You can also skip the explicit lists entirely — `Sleuth()` uses **name-based defaults**
(tools containing `read/fetch/search/get/...` are untrusted; `send/write/post/delete/...`
are consequential).

## LangChain (zero changes to your agent)

```python
from agent_sleuth import Sleuth

sleuth = Sleuth(agent=your_langchain_agent, mode="audit")
result = sleuth.run("summarize my emails and send a report to my boss")
print(sleuth.report())
```

`Sleuth.run()` resets taint state, stashes the trusted query, and attaches the
`IFCCallbackHandler` to your agent — no edits to your chain.

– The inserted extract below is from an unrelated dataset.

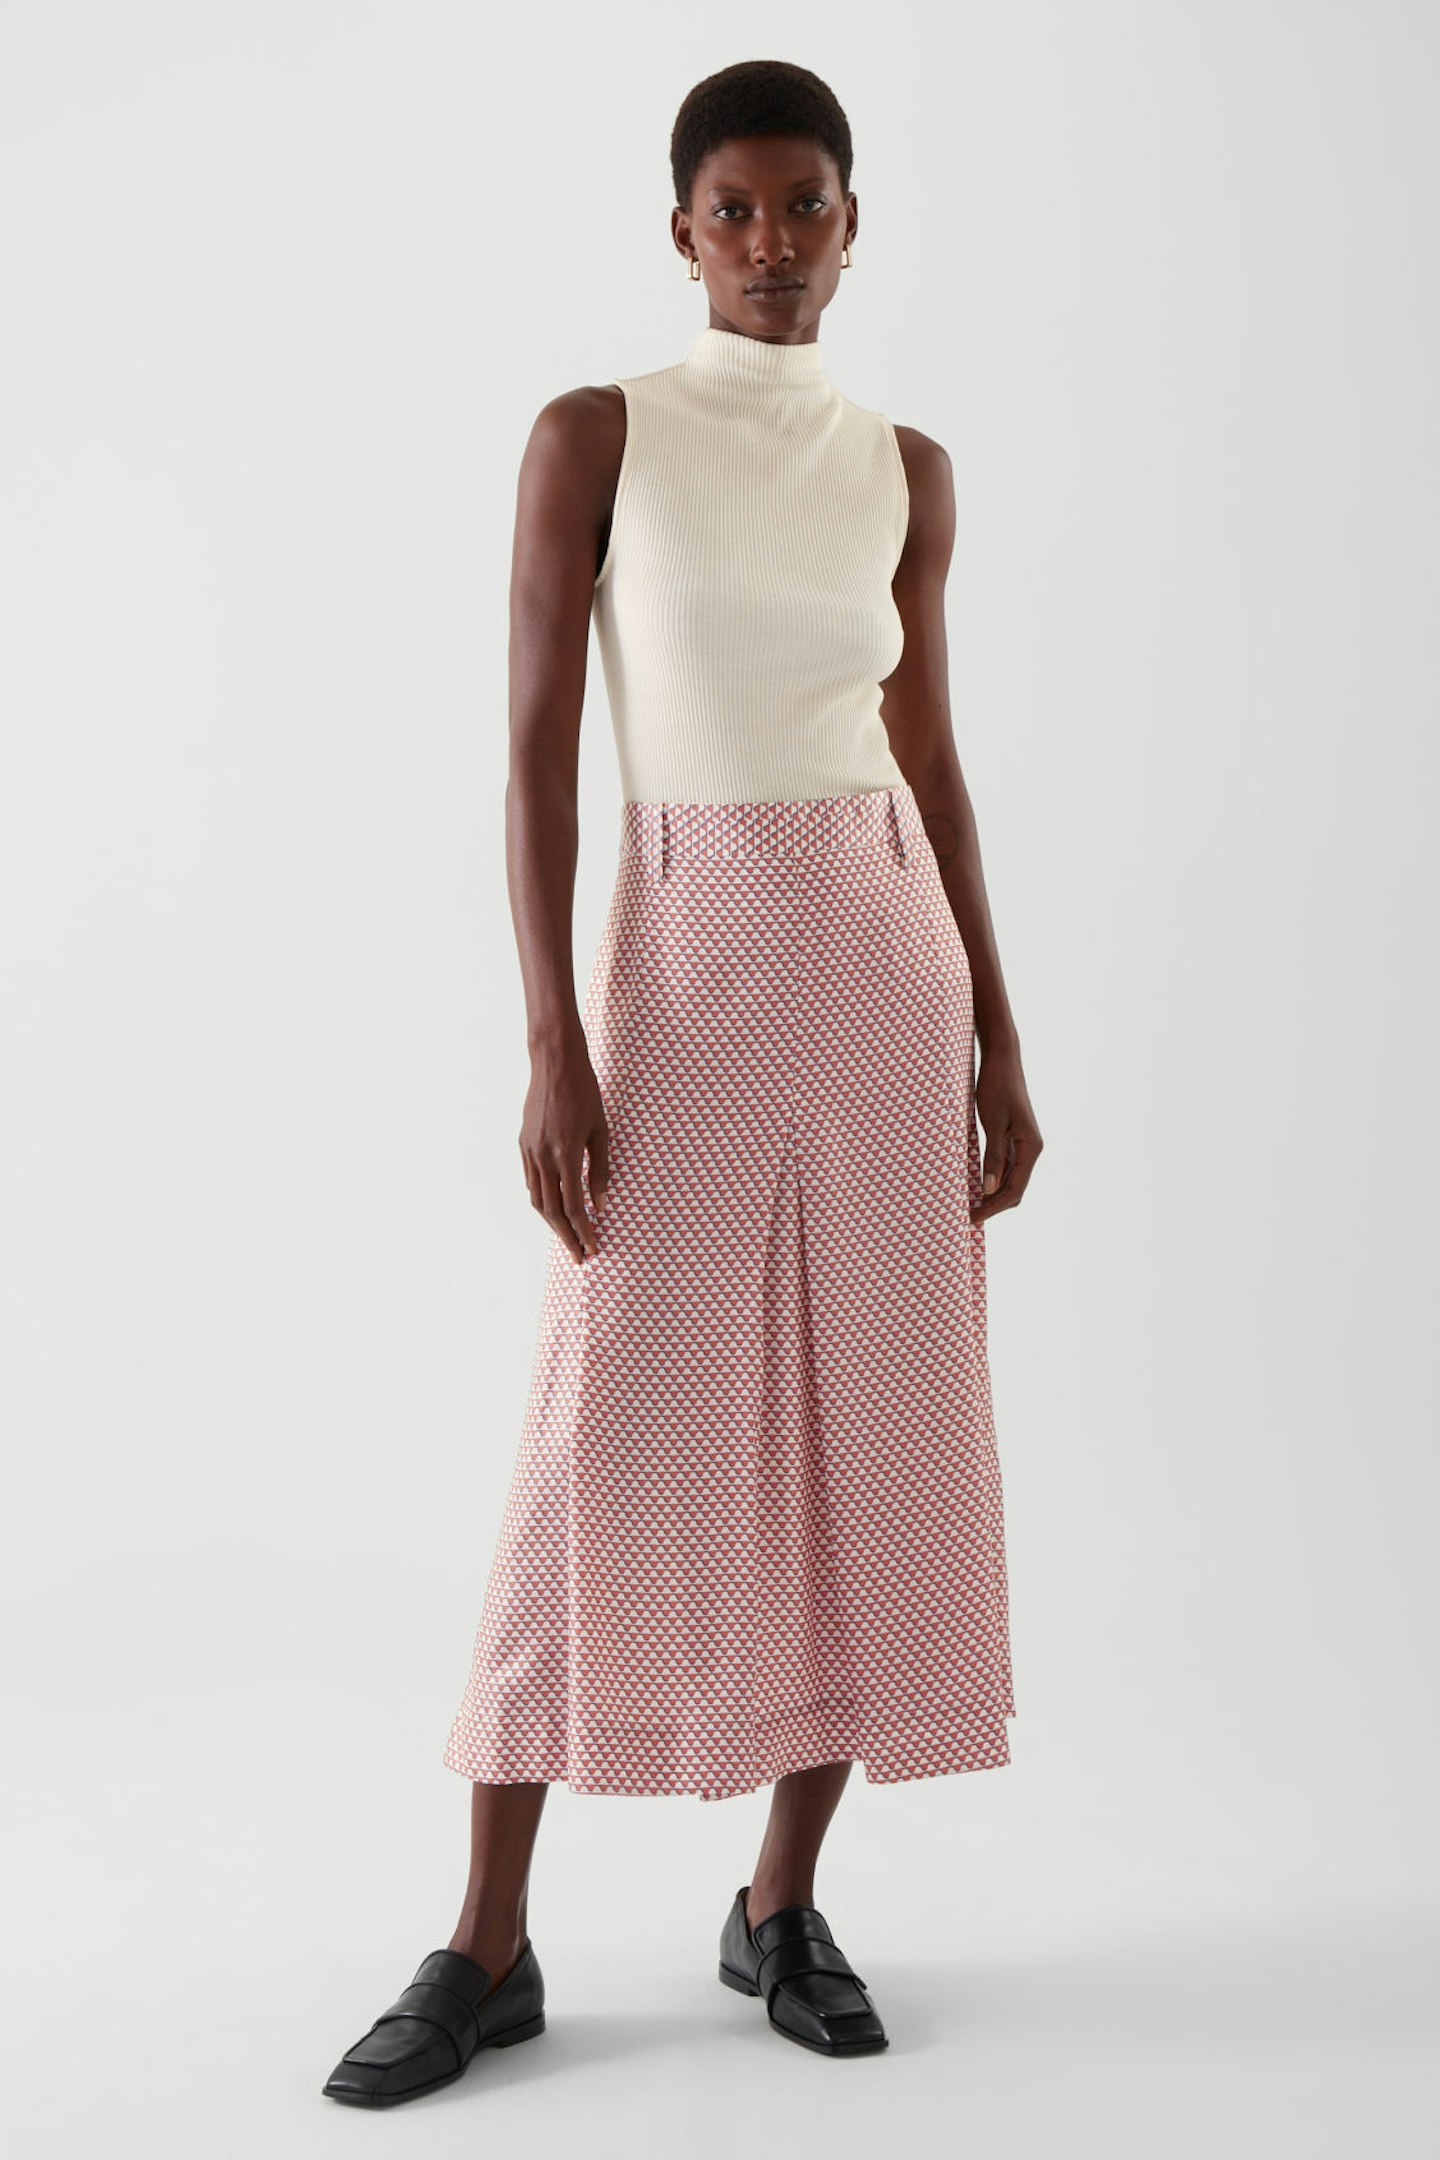 COS, Midi Skirt, £59

## What a caught attack looks like

```
BLOCKED: send_email() called with tainted inputs
  Taint source: fetch_url (step 2, untrusted)
  Injected value detected in argument: to="attacker@evil.com"
  Lineage: fetch_url (step 2) → value "attacker@evil.com" → send_email.to
  Destination: attacker@evil.com (not allowlisted)
  Reason: untrusted-origin value reached a consequential sink
  Action: blocked, call halted
```

## Modes

- `audit` (default): detect + log + render the trace; **never block**.
- `enforce`: raise `TaintViolationError` and halt the offending sink call.
- `confirm`: surface the violation to a callback for an allow/deny decision before dispatch.

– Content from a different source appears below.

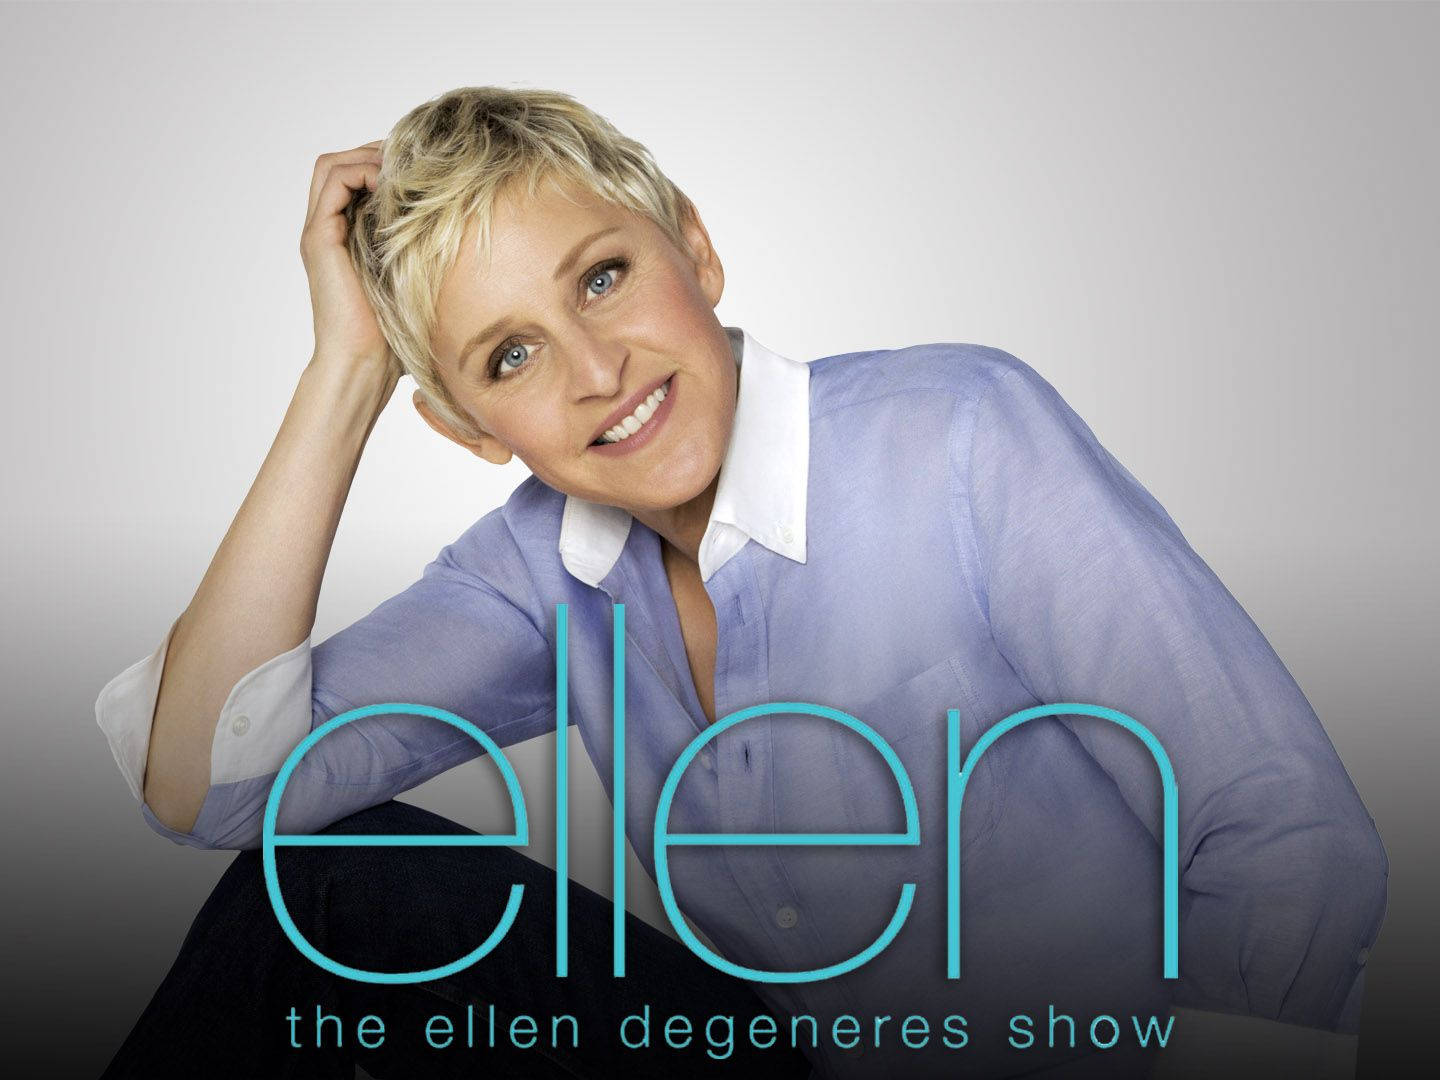 The Ellen Show Poster Wallpaper

## Honest coverage envelope (v0)

> Sound on the verbatim/structured-exfil class. Zero extra LLM calls on the common path.
> Drop-in. **Laundering** (base64/paraphrase of a secret) and **pure control-flow hijack**
> (a sink call whose arguments carry no untrusted bytes) are explicitly **out of scope for
> v0** — documented non-goals, not bugs. Control-flow integrity (the plan-allowlist) and a
> configurable allow/denylist with deny-over-allow precedence land in v1.

| Attack class | v0 |
|---|---|
| Verbatim exfiltration (untrusted value appears literally in sink arg) | ✅ deterministic |
| Structured exfiltration (untrusted field → sink field) | ✅ deterministic |
| Legit egress to your own channel (destination allowlist) | ✅ allowed (no false positive) |
| Control-flow hijack (out-of-plan sink, no untrusted bytes) | ❌ v1 (plan-allowlist) |
| Laundering (base64 / paraphrase / transform) | ❌ v2+ (opt-in quarantine) |

## Benchmark

```bash
PYTHONPATH=. python benchmarks/agentdojo/run.py
```

A self-contained reproduction of AgentDojo-style indirect-injection tasks (real AgentDojo
needs a live LLM + API keys; see the harness docstring for the thin real-AgentDojo wiring).
Reports ASR (attack success rate) and utility per mode.

## Develop

```bash
pip install -e '.[dev,langchain,config]'
pytest
```

See `AGENT_SLEUTH_ARCHITECTURE.MD` for the full design.